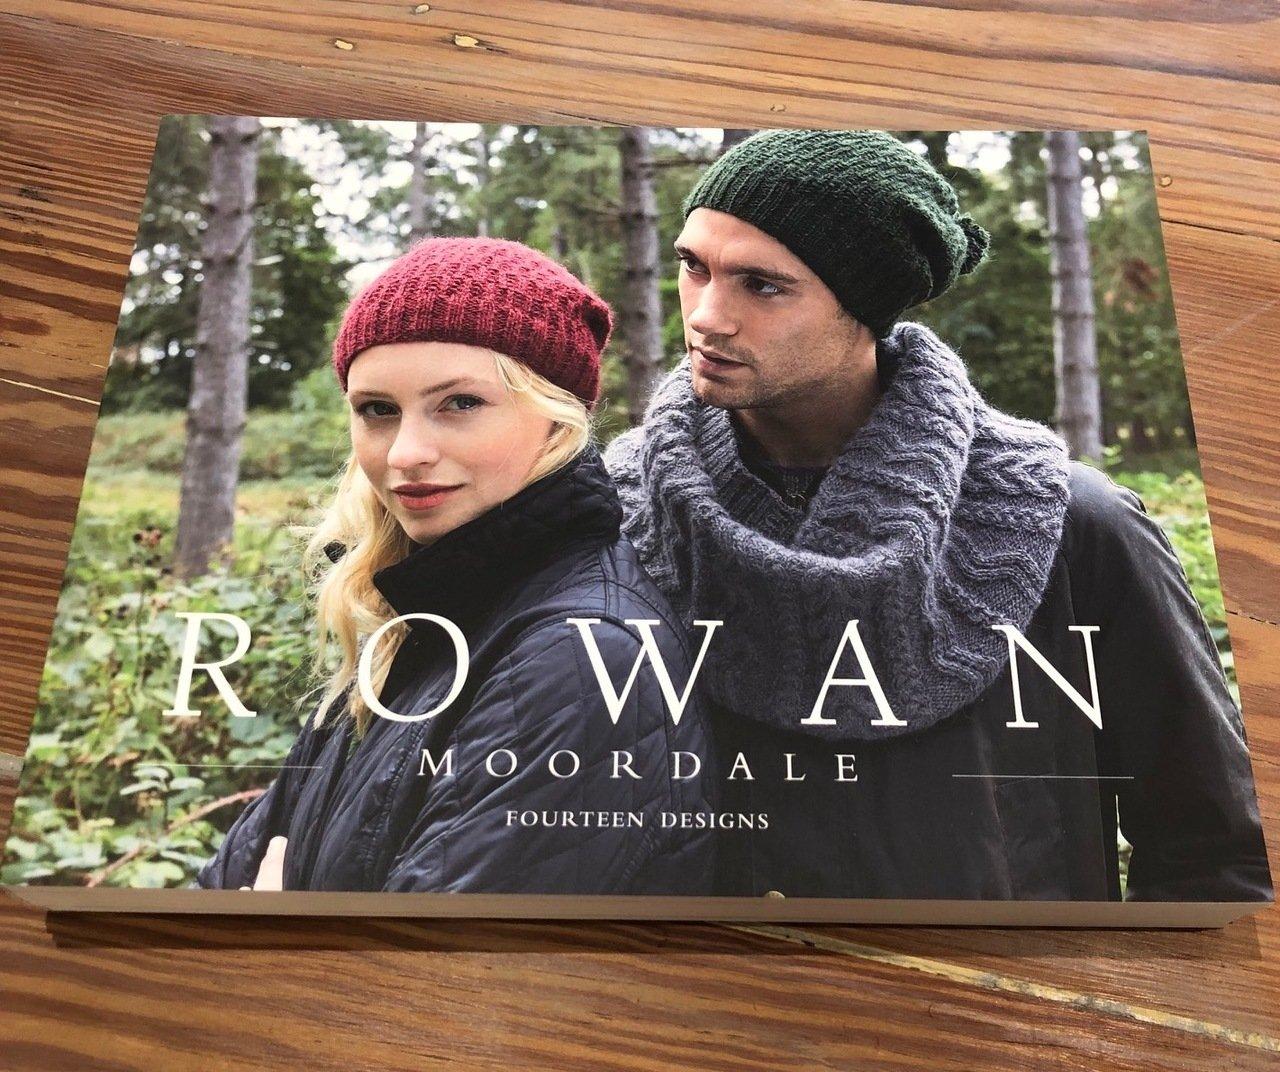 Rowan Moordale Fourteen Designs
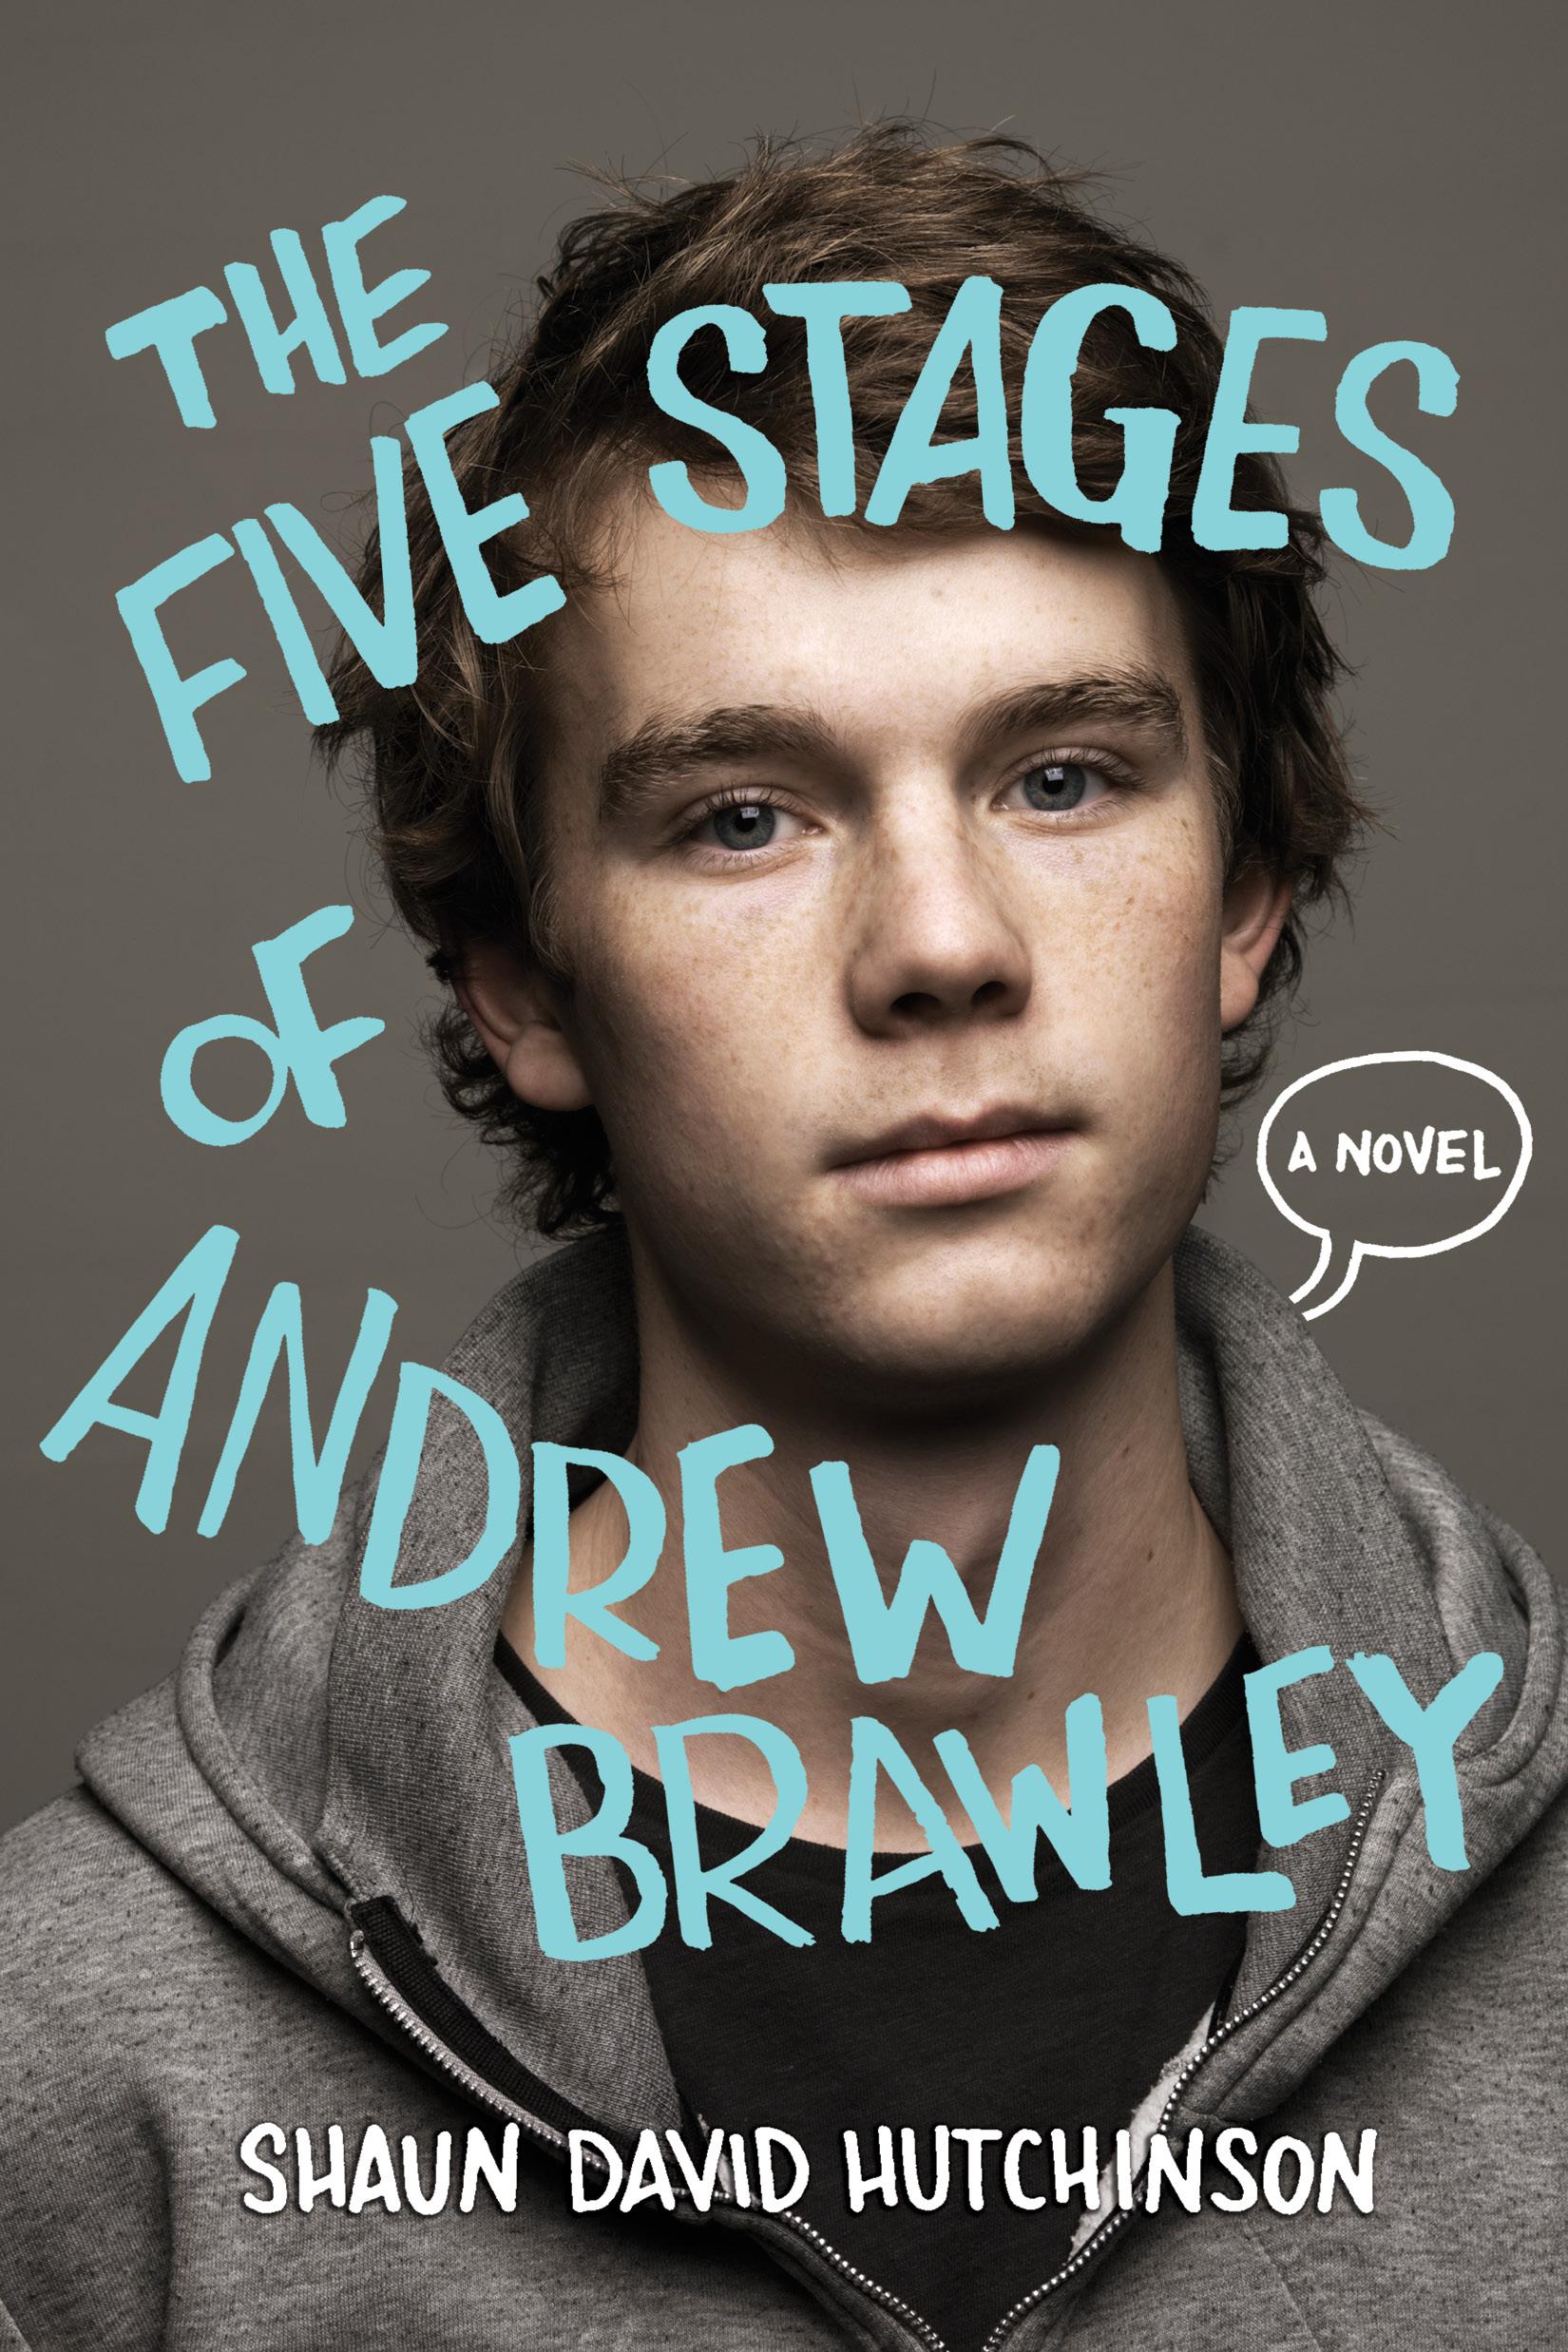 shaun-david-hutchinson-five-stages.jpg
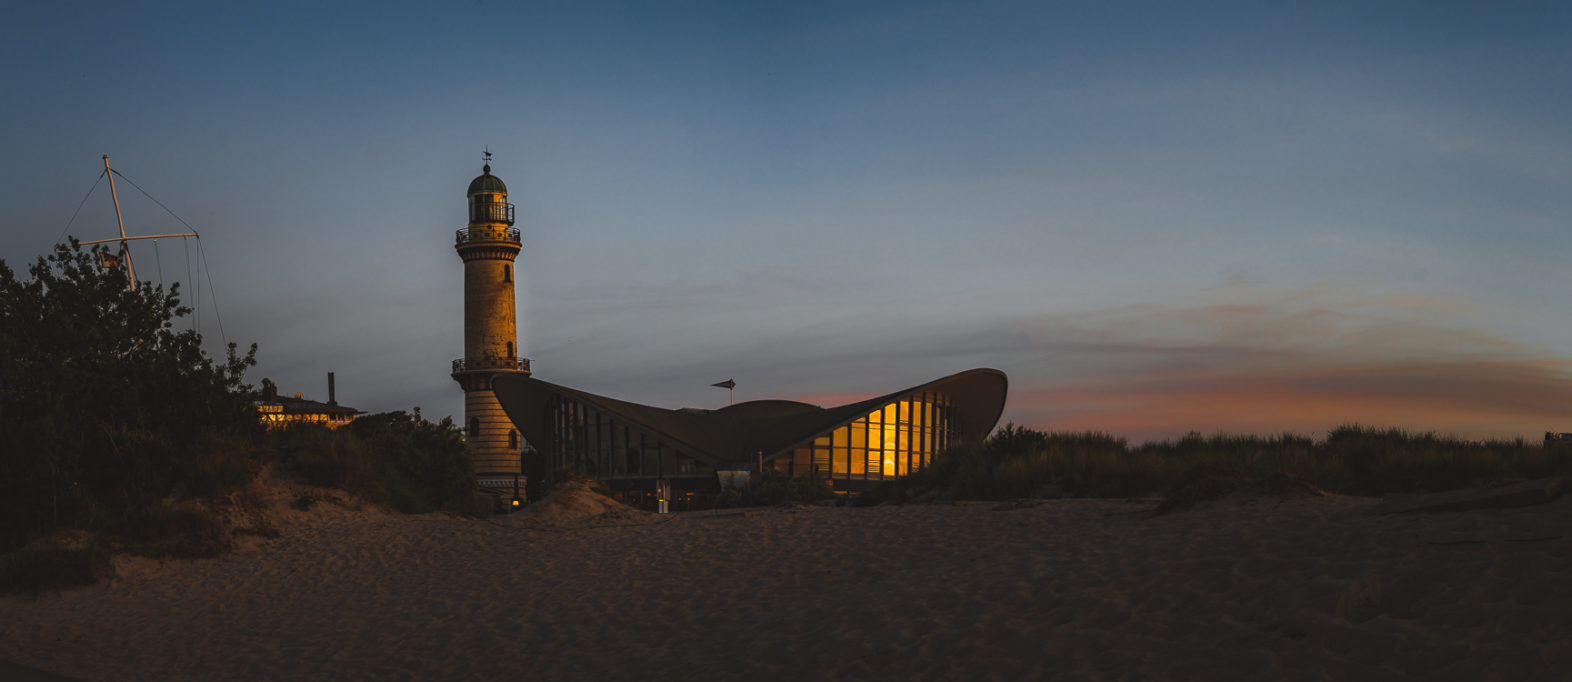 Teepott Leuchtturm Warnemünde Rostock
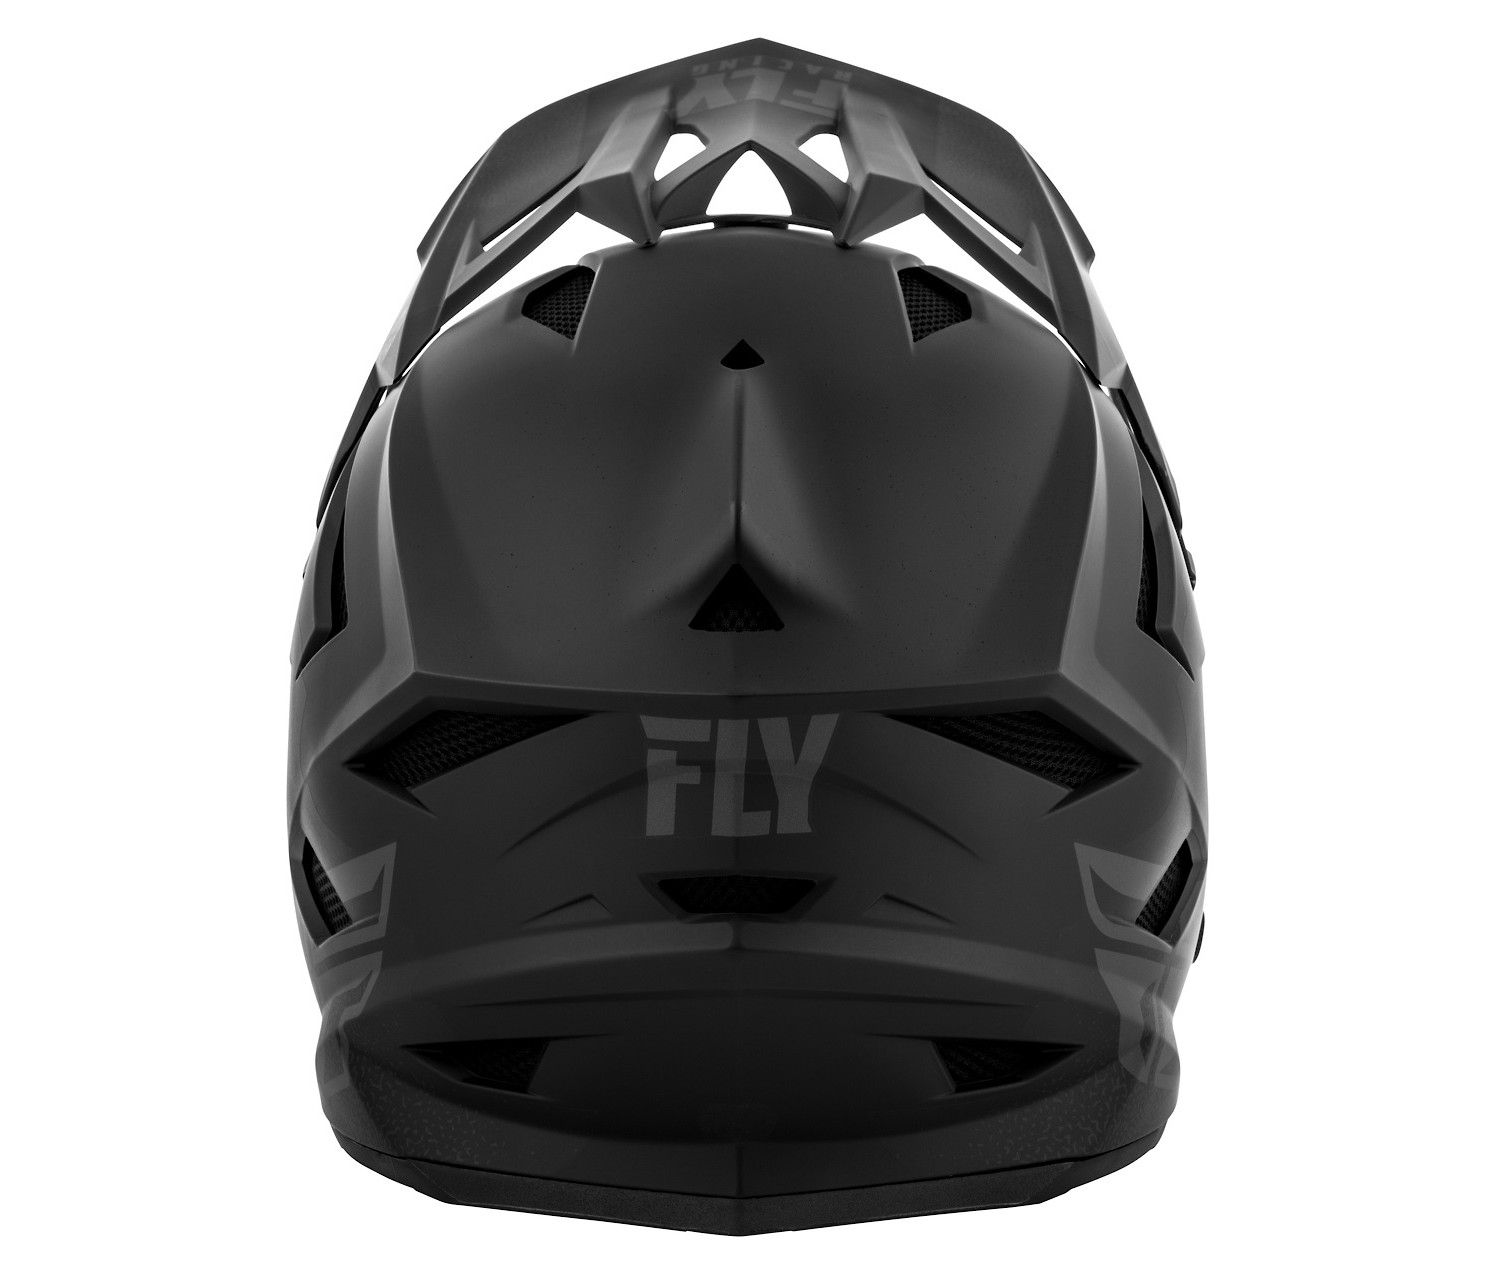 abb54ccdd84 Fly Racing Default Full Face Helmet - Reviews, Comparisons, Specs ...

## Your goal
Repeat the data exactly in full, omitting its pictures.

## Task answer
 Rowan Moordale Fourteen Designs
 shaun-david-hutchinson-five-stages.jpg
 Teepott Leuchtturm Warnemünde Rostock
 abb54ccdd84 Fly Racing Default Full Face Helmet - Reviews, Comparisons, Specs ...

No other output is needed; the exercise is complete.